**Exercise brief:**
Beginning with the line that contains "Tiffany & co T1 Lock bangle bracelet" and concluding with the final line of the listing below, output each line exactly, and only those lines.

**Available records:**
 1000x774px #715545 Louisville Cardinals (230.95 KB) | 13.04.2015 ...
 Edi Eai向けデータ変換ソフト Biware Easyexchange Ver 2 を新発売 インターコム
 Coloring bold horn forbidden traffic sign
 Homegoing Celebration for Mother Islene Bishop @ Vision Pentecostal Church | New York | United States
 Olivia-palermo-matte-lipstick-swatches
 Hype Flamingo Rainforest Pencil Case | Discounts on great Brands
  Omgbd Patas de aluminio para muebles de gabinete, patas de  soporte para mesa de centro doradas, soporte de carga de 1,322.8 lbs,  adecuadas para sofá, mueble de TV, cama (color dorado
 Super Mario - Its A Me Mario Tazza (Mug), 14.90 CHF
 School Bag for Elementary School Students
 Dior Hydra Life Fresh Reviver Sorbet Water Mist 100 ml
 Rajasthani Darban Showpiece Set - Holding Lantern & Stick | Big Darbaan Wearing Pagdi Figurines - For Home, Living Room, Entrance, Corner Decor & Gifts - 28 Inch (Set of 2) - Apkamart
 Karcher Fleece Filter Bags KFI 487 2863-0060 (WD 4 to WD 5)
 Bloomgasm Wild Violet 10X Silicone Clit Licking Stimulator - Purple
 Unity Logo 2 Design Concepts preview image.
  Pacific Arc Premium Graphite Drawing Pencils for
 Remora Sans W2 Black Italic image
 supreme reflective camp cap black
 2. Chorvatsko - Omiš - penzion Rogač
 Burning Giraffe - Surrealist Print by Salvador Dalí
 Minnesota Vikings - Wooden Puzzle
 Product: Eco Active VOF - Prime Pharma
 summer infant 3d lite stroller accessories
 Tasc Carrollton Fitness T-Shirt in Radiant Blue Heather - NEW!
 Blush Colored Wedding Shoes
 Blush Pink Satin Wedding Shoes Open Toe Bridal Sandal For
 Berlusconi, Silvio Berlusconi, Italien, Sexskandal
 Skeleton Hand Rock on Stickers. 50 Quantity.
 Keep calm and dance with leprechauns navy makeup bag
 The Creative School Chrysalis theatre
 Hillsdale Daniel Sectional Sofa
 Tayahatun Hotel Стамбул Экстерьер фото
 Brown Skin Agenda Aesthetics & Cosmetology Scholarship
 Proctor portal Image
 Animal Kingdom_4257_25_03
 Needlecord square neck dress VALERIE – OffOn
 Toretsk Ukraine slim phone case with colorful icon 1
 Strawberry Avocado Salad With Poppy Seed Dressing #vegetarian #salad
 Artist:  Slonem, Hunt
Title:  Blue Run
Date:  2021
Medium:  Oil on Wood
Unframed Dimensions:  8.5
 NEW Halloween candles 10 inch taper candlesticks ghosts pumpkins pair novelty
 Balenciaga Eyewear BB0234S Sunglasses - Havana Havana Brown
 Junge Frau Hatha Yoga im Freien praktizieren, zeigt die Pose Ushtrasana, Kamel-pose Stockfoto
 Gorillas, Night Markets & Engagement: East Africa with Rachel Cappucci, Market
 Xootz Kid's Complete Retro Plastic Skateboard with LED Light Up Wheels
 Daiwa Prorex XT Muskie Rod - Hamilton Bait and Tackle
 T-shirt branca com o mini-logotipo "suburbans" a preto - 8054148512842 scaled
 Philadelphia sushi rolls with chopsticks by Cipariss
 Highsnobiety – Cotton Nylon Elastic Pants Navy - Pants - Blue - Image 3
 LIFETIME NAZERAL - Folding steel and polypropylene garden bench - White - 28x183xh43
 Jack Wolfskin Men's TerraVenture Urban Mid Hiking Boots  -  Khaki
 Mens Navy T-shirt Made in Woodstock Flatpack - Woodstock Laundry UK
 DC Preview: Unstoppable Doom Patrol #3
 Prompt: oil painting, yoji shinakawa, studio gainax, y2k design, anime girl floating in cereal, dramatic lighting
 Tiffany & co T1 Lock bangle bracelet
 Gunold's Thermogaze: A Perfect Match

**Task response:**
 Tiffany & co T1 Lock bangle bracelet
 Gunold's Thermogaze: A Perfect Match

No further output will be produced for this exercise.